- Opening Delimiter -

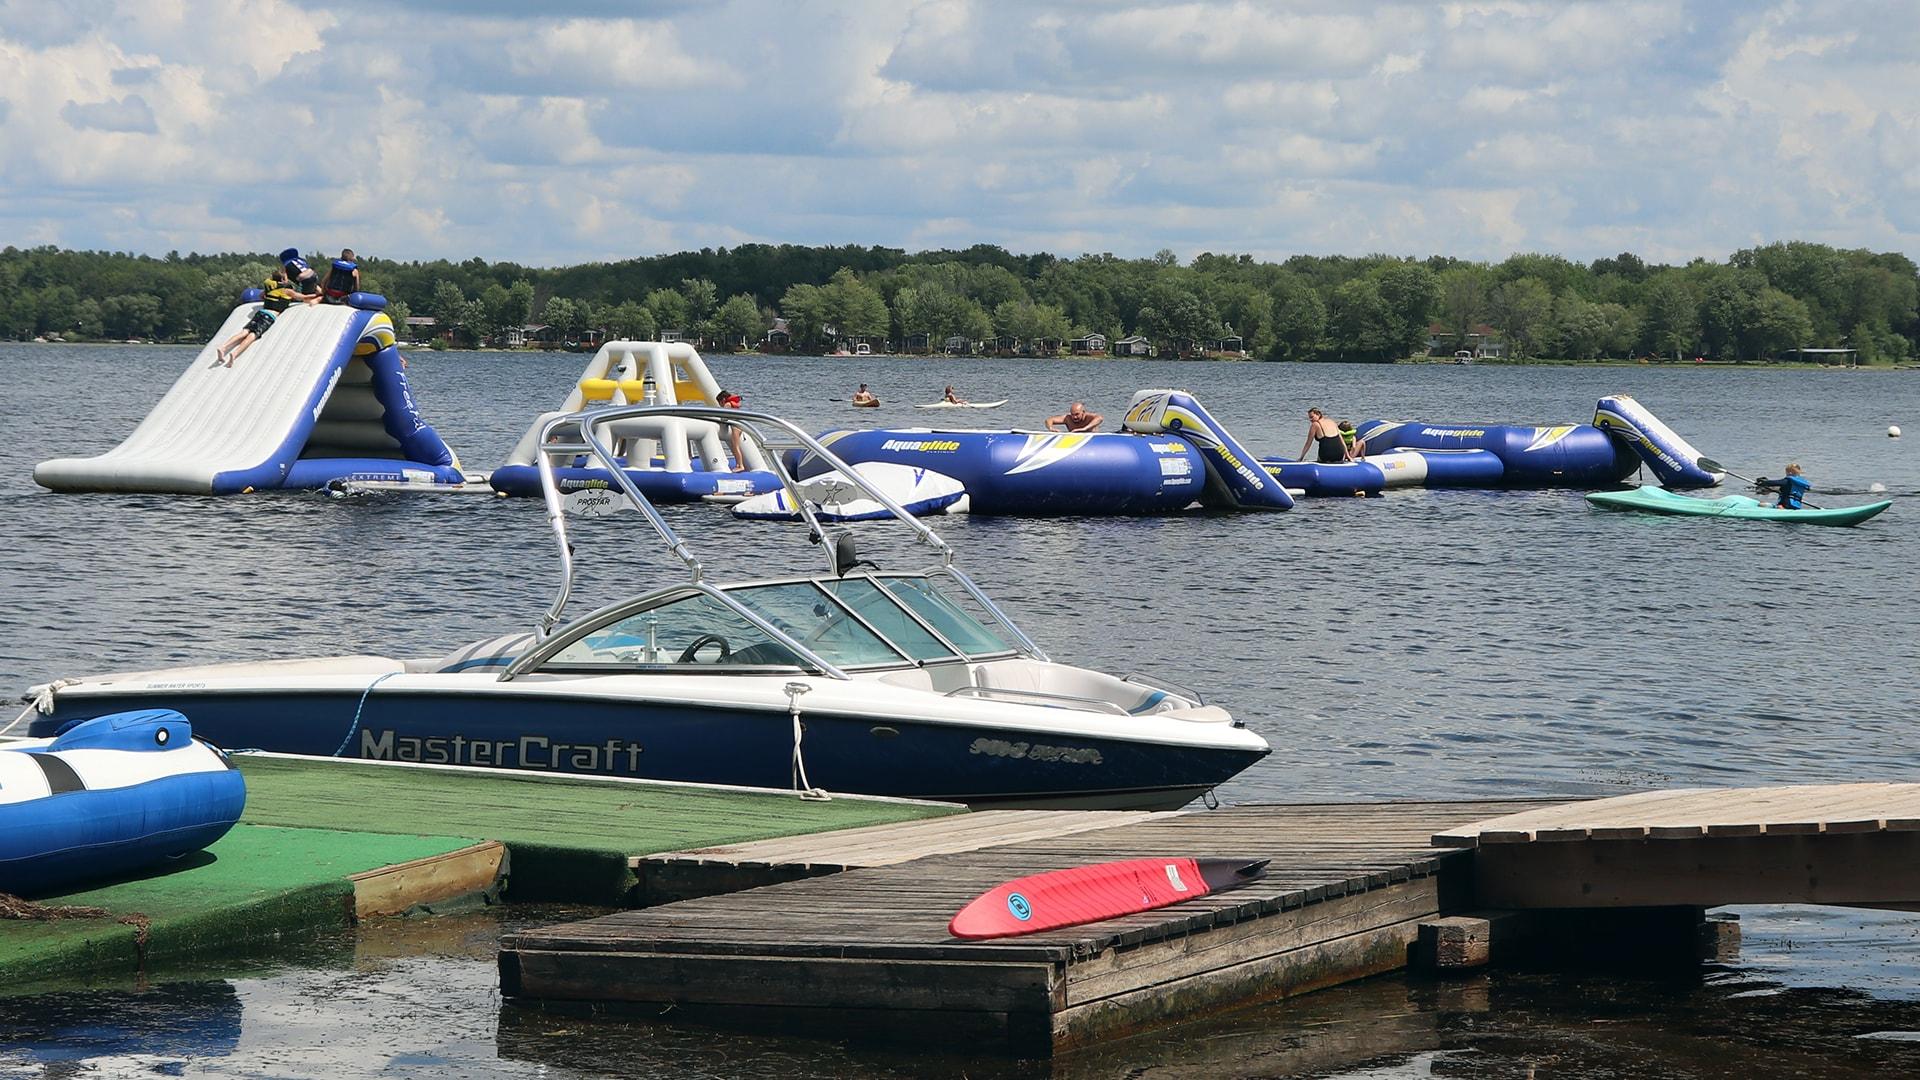 Bayview Waterpark min - Adventure Day 2.0
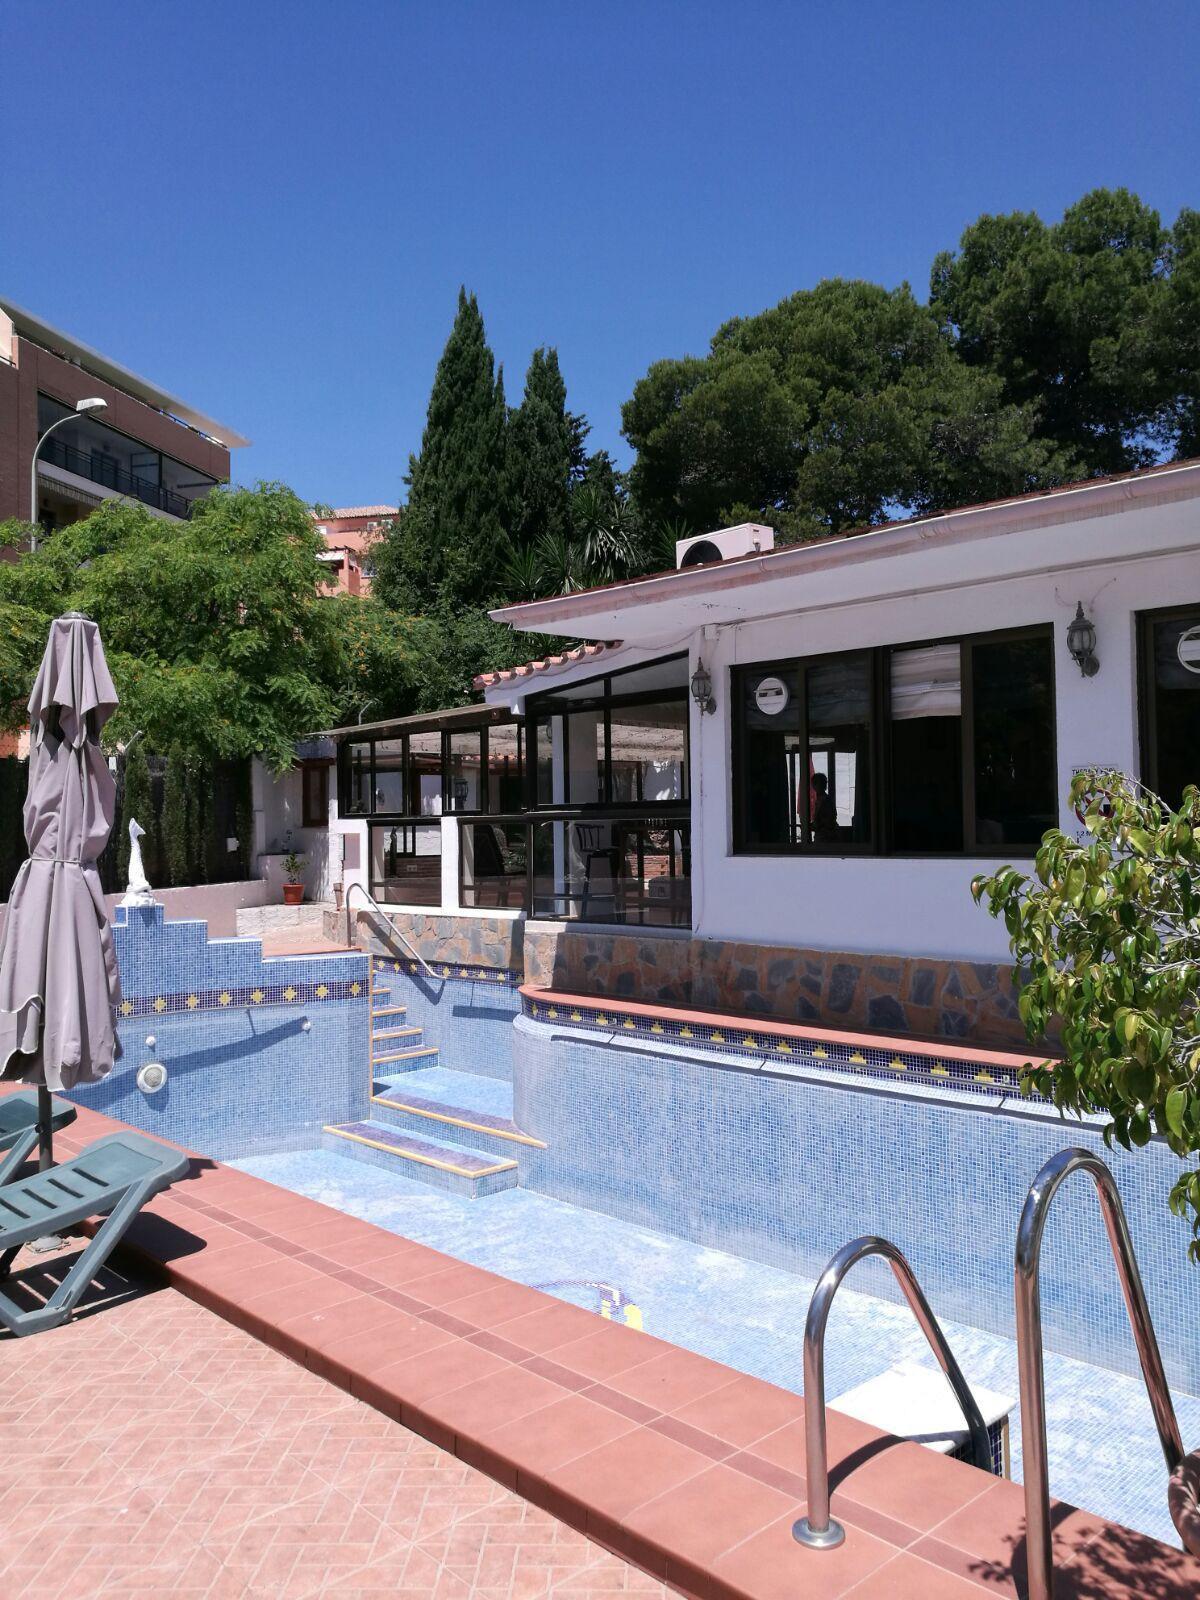 Detached, single story villa of individual character located in the El Pinillo area of Torremolinos.,Spain
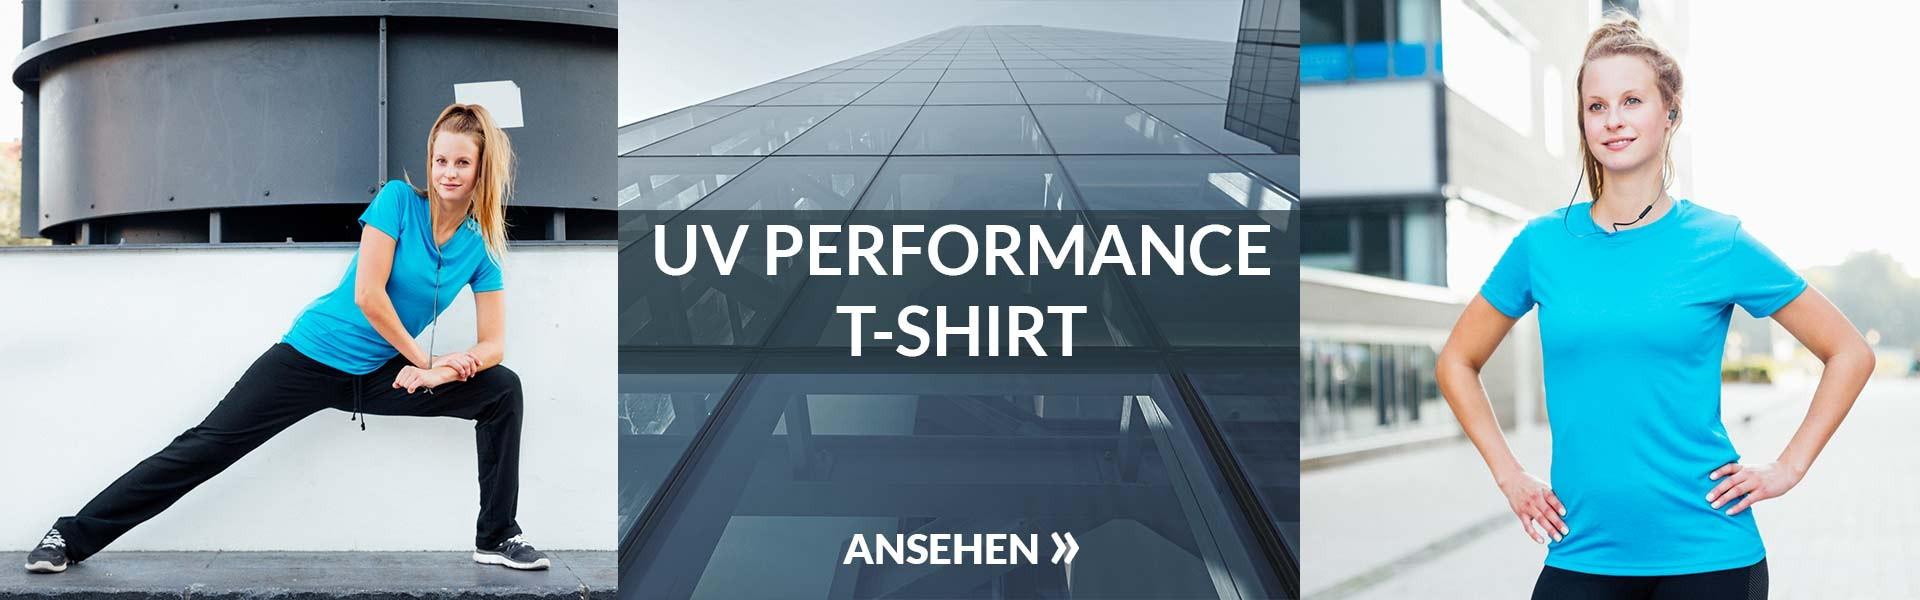 Uv Performance T-shirt Damen
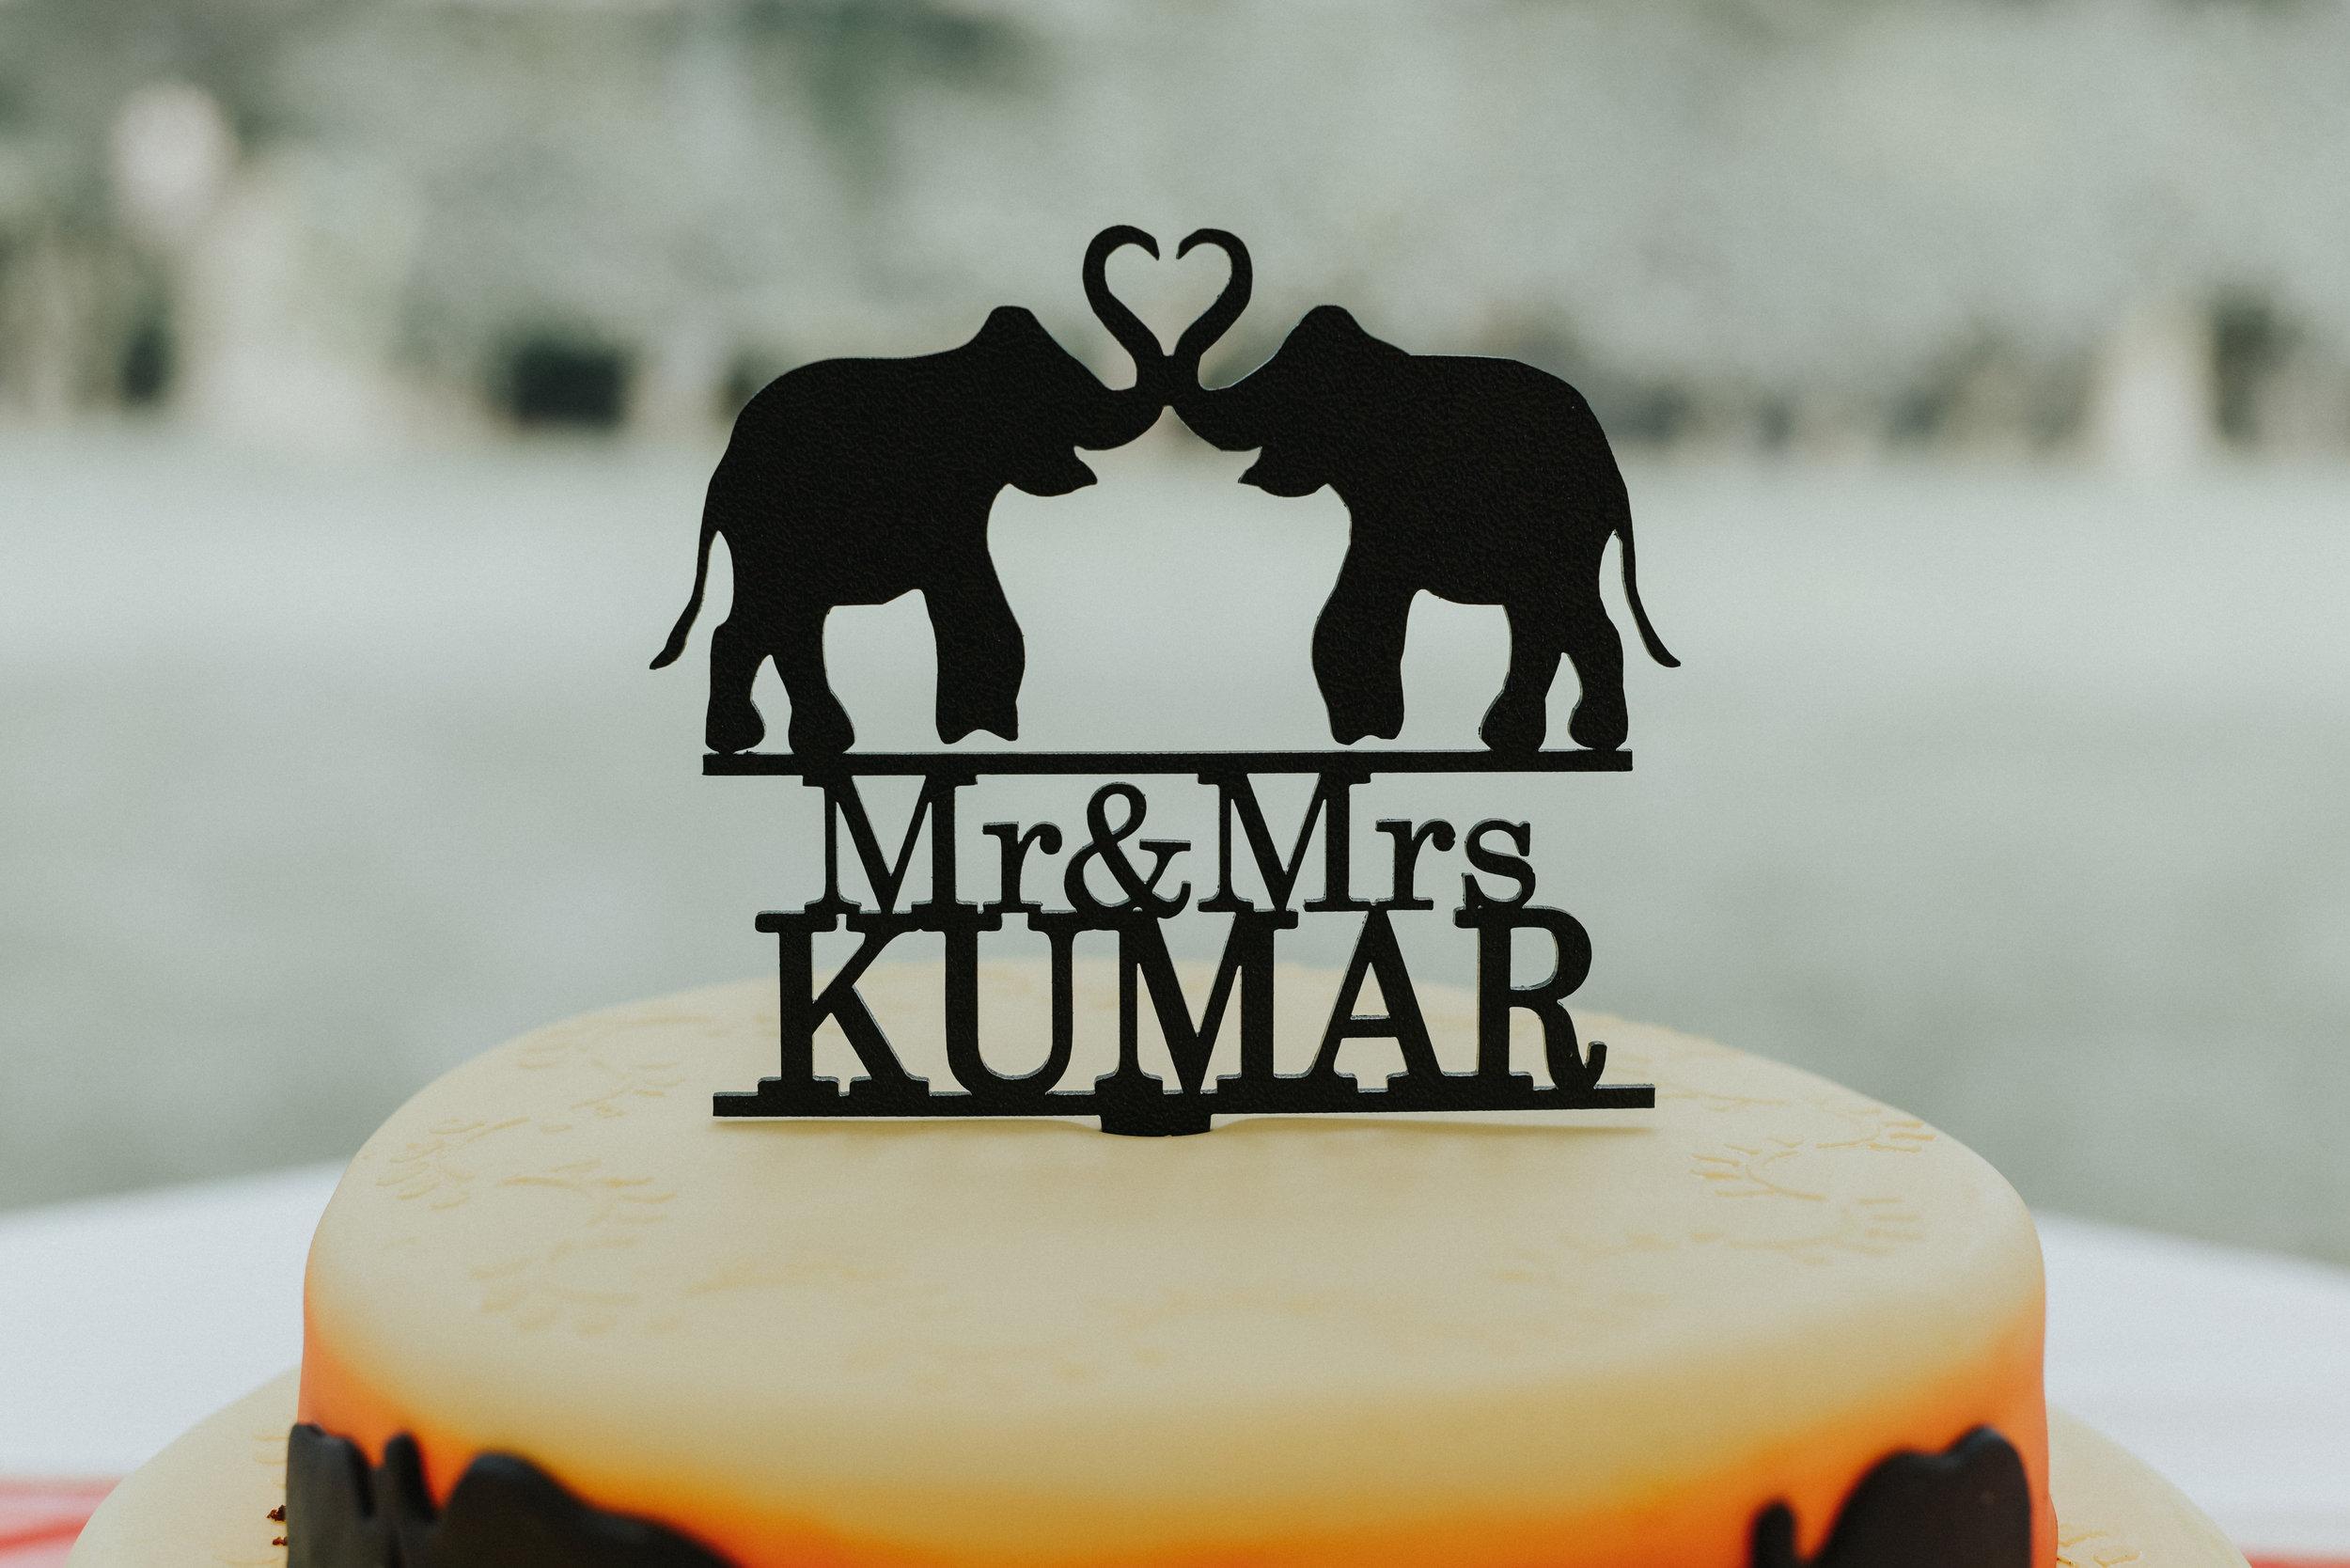 Kumar-611.jpg

- Closing Delimiter -

## Instructions to follow
Write out the whole listing again, exactly, with no pictures.

## Answer below
 Bayview Waterpark min - Adventure Day 2.0
 Detached, single story villa of individual character located in the El Pinillo area of Torremolinos.,Spain
 Uv Performance T-shirt Damen
 Kumar-611.jpg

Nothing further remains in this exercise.